Hugh -   Well the idea really is to get the angle as shallow as possible.  When you're skimming stones, we all know that you need to get it down as low as you can close to the water, but one of the problems that flying at night with gunfire, and all sorts of this stuff, you really don't want to be flying very, very close to the water.  So, Barnes Wallis and his pilots figured they couldn't fly lower than 60 feet, the backspin enabled them to get a shallow angle of bounce on to the water.

Dave -   So this basically stabilises it because otherwise, after the first bounce, it would start to tumble and it would go anywhere and stop skipping.

Meera -   You've got a scale model here.  It's a cylinder with a 180 millimetres or 18-centimetre diameter.

Photograph of the breached Mahne DamHugh -   This is what we used to do some tests.  In fact, it was in the Cotswolds.  We got a gas cannon to fire this cylinder at a high speed across the lake and we had to make it spin.  And you can sort of see that - if I toss this up in the air with no spin...

Meera -   It's turned over.  It's rotated.

Hugh -   It turned over very quickly, but once I put spin onto it...

Meera -   It smoothly just come straight back down to your hand.

Hugh -   The spin stabilised and that was very important.

Meera -   So what scales were you working to when you recreated your bouncing bomb?

Hugh -   We've got the cricket balls here.  We've got our 20-centimetre diameter scale over here.  We've also got our 60-centimetre diameter bomb.  It's actually a plastic replica because the real one is really heavy.

Dave -   So, you were working with lots of different scales.  It's not entirely obvious that you can transfer things you've learned at the size of a marble to something of a size of a person.  Was it easy to take information you learned on the small scale to the largest scale?

Hugh -   It's very interesting doing scale model tests.  People designing aircraft do this all the time.  You put a small scale model of an airplane in a wind tunnel and they'll learn how the aircraft works at that scale and then they'll scale it up to the big Airbus or Boeing full size aircraft.  We did the same thing.  We were able to use what's called dimensional analysis to scale up the effects we saw at the small scale cricket balls up to the bigger scale.

Meera -   So we've established that scaling is important and backspin is crucial, but what about delivery?  There are planes delivering these bombs so there must be something about the speed they're moving, the height that the bomb has actually dropped at, and so on?

Hugh -   The critical parameters are speed; speed of the plane, height; the height that it's flying at, and how much you spin the bomb.  And so, for a given diameter, it turns out that if you do dimensional analysis, the speed squared divided by the diameter and G - the acceleration of gravity - is dimensionless.  That means that if you were to have a bomb which was twice as big, you would have to fly 40% faster  - the square root of 2.  It's important to know that scaling factor.

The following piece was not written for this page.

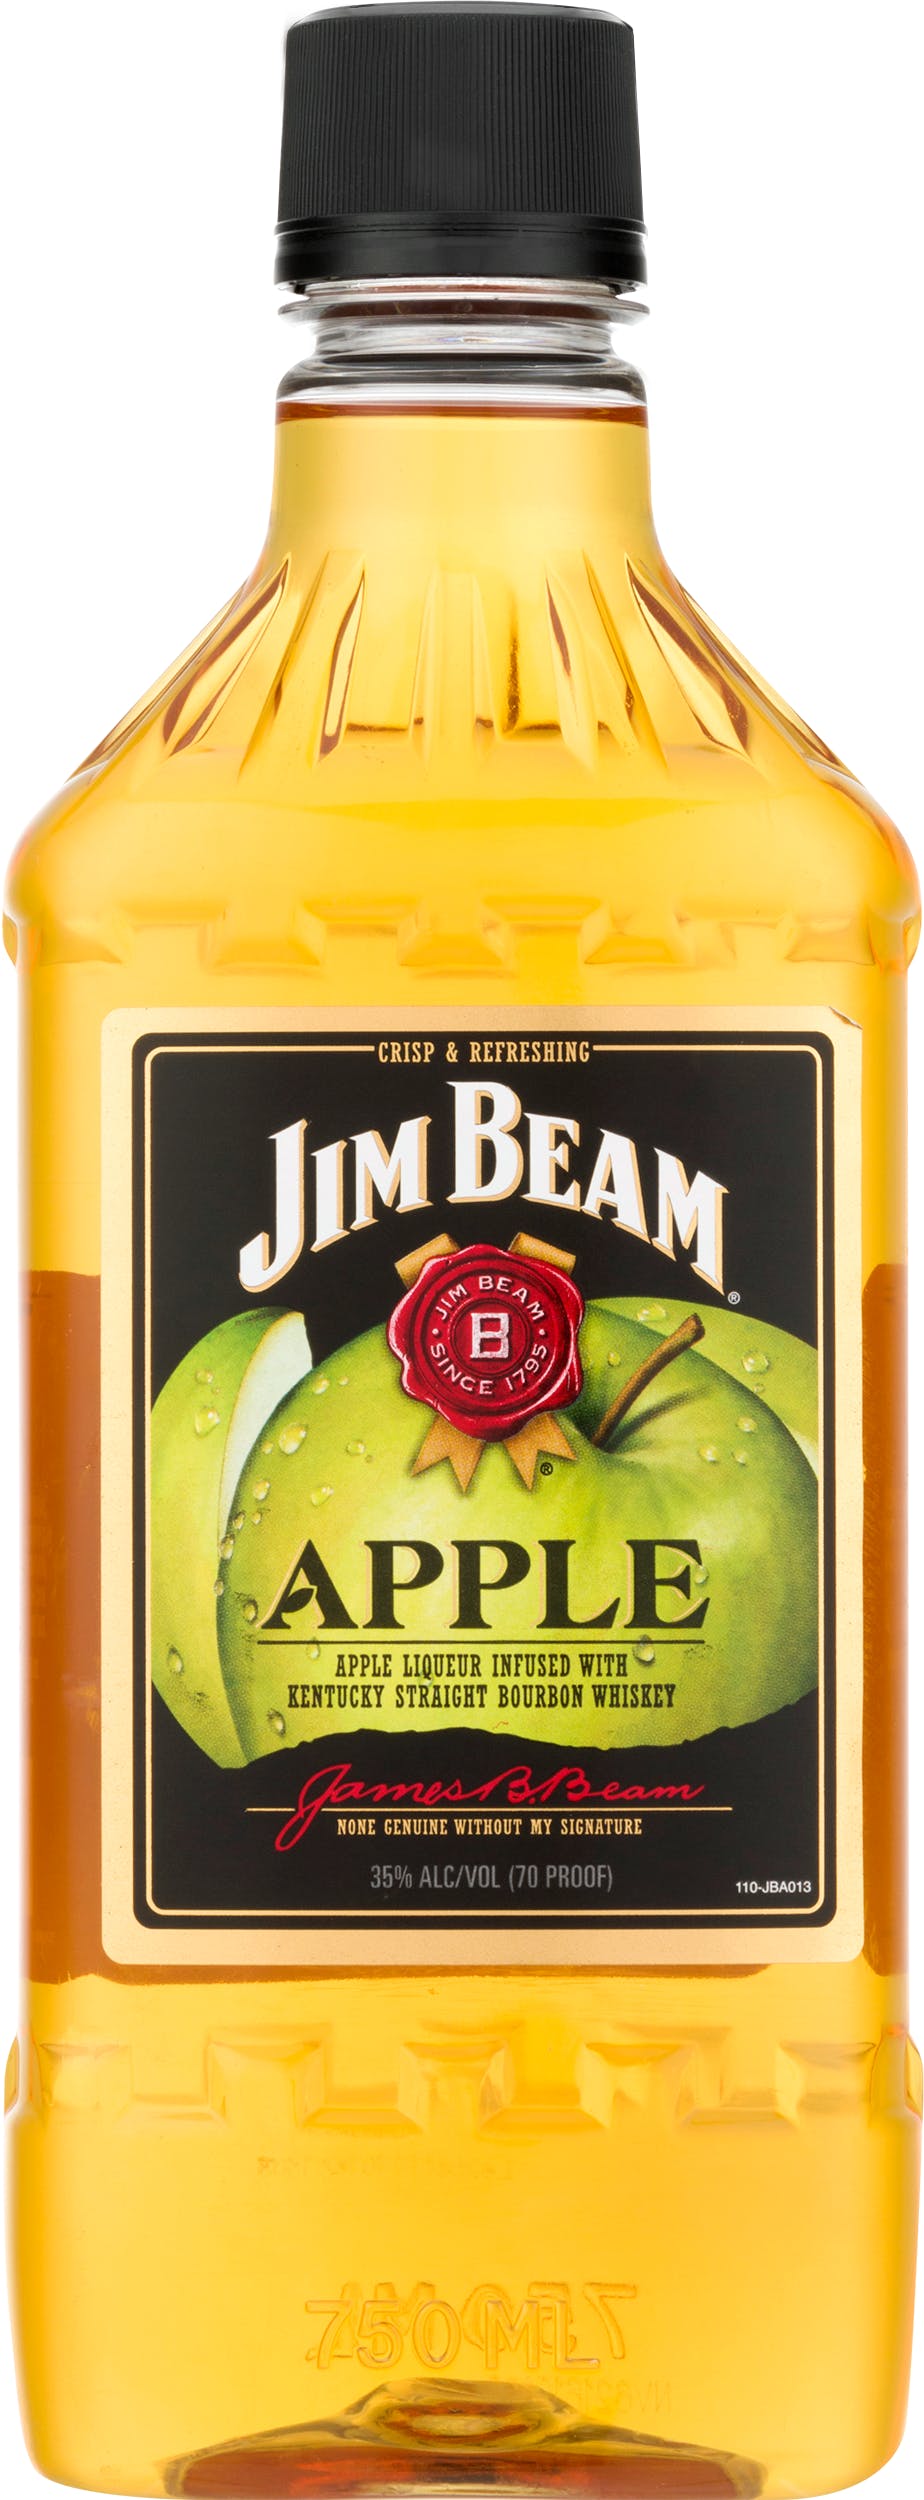 Jim Beam Apple Bourbon 750ml PET Bottle - Nick & Moe's Liquor

Meera -   And so, moving back to you Hillary, just to conclude, having done all these tests with you, what were your final parameters to actually drop the bomb and explode the dam?

Hillary -   From our testing, we determined that we needed to drop it 350 metres away from the dam, going 180 miles per hour, flying at 60 feet, and spinning the bomb at 800 rpm.  It turned out that on our final run, the pilot decided to fly a little bit lower at 30 feet, so the bomb did hit a bit harder than anticipated, but it was a successful run.  So, like Barnes Wallis, we bounced a bomb and blew up a dam.

Dave -   Hillary Costello and before her, Hugh Hunt from the University of Cambridge, taking us through the process of designing a large scale bouncing bomb.